Сикофант царапал что‑то на табличке, бормотал небогоугодное себе под нос. Шум прибоя и резкие крики чаек заглушали его слова.

Наконец он убрал табличку в суму на поясе, поскреб подстриженную бороду.

Нина смиренно наклонила голову, шагнула чуть ближе.

– Дай мне хоть немного времени – за что ж на меня поклеп возводить зря? Я что выясню, все тебе и доложу. Тебе опять же меньше хлопот. Там, где служивого на порог не пустят, я в боковую калитку зайду. Глядишь, и тебе подмогну, и себя оберегу от наветов пустых. – Нина говорила торопливо, заглядывая сикофанту в лицо.

Тот молчал.

– У мальчика ведь, наверное, мать есть? Я с ней поговорю, посочувствую, может, она что про душегуба скажет. И с кузнецом.

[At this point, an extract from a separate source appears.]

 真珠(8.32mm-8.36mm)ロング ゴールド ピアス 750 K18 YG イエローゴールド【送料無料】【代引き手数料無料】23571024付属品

Дай хоть пару деньков, о чем разузнаю, тебе сразу пошлю весточку.

Сикофант махнул солдатам рукой, чтобы унесли тело. Чуть повернув голову в сторону Нины, процедил тихо:

– После зайду, поговорим. А если что важное узнаешь, найди меня сама. Никоном Хакениосом меня зовут.

Аптекарша кивнула, повернулась и быстро пошла обратно, склонив голову и сердито шепча что‑то.

 

* * *

 

Нина металась по аптеке. Утреннее происшествие никак не шло из головы, и все валилось из рук. Подмастерье уже наградила оплеухой, когда подсунулся не вовремя.

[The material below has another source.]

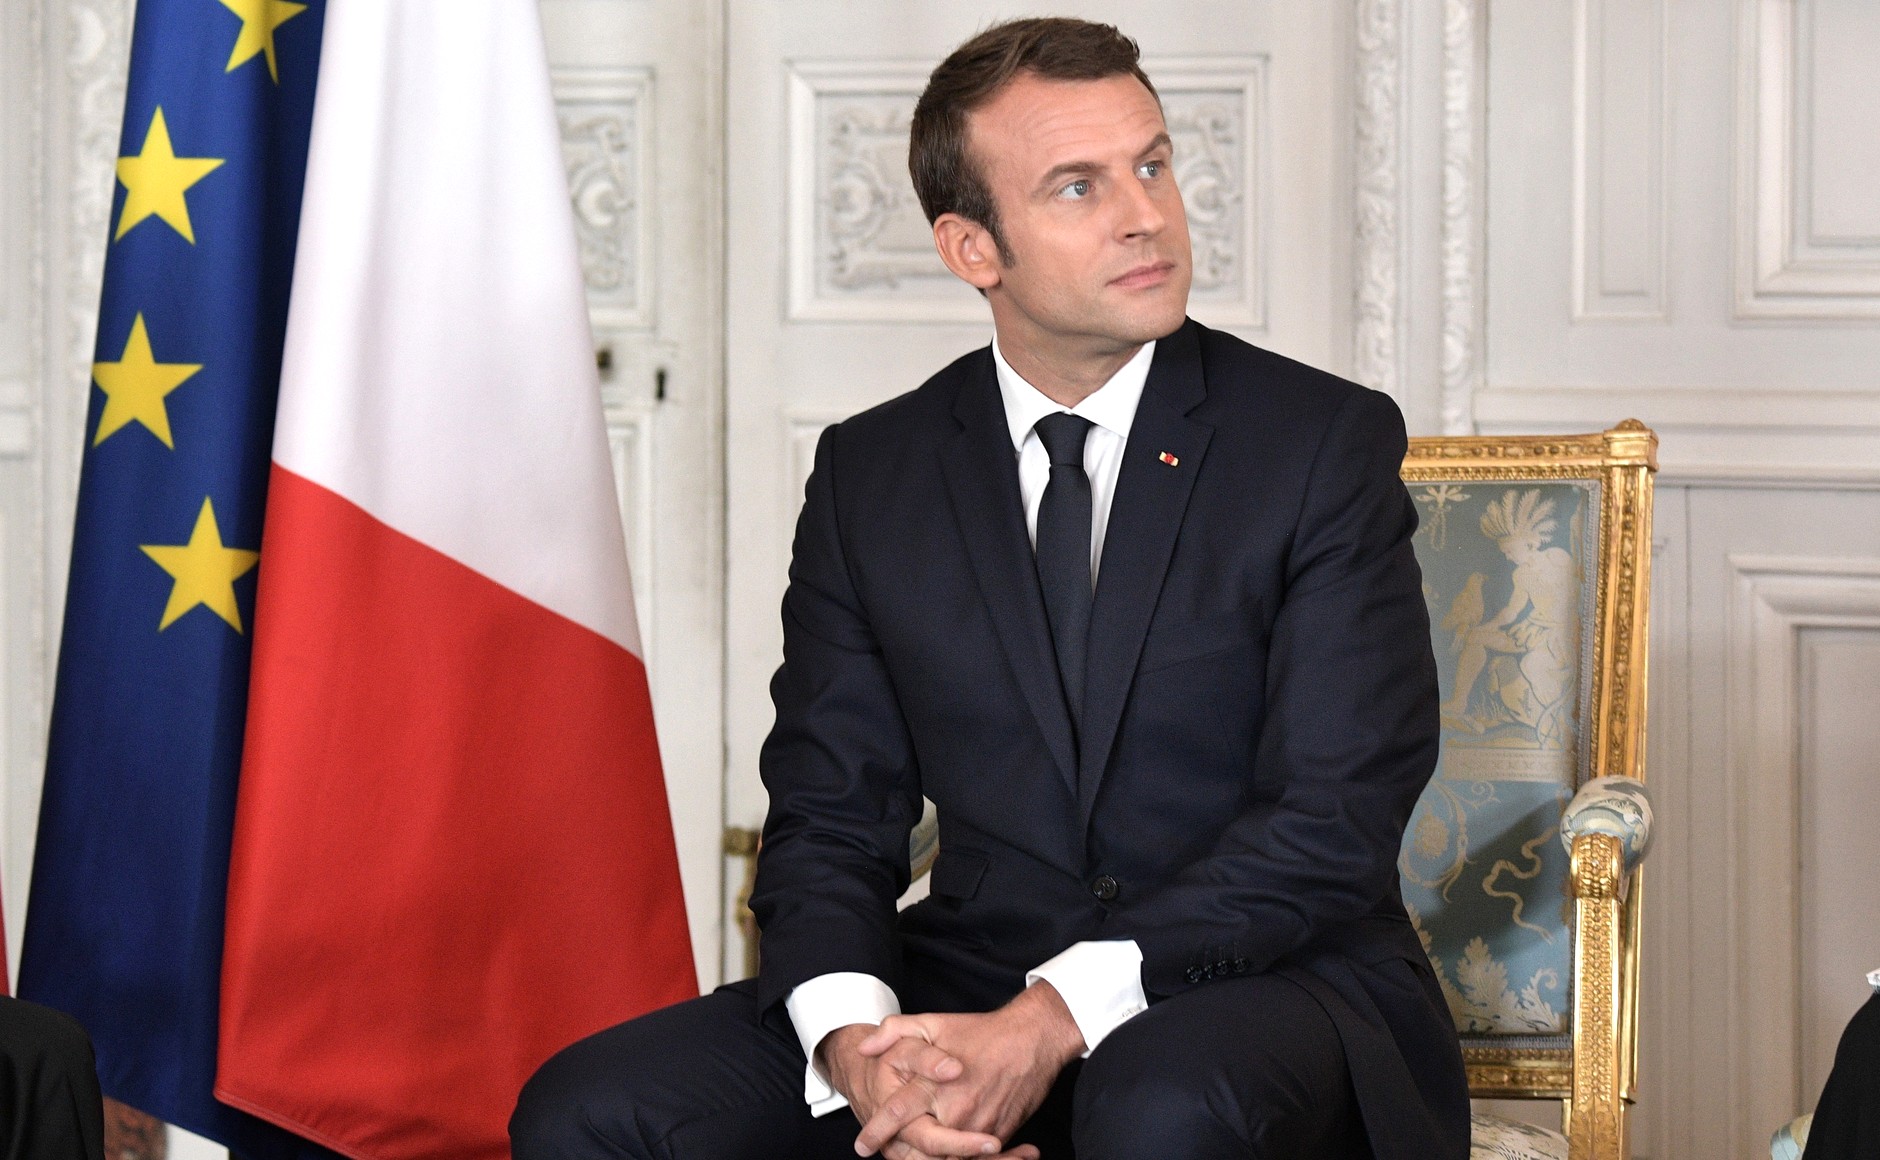     Emmanuel Macron s'adressera à la nation ce dimanche

Чтобы вернуть себе душевный покой, села за работу. Обычно ее успокаивало мерное движение пестика при растирании семян лаванды с распаренными овсяными зернами. И нежный запах, поднимающийся от ступки, настраивал на спокойный и благостный лад, уходили тревоги. Так и в этот раз, пока готовила снадобье, пока смешивала с виноградным маслом, успокоилась немного. Переложила смесь в глиняный горшочек, отставила в сторону, накрыла промасленной тряпицей.


[1] Эпарх – градоначальник Константинополя.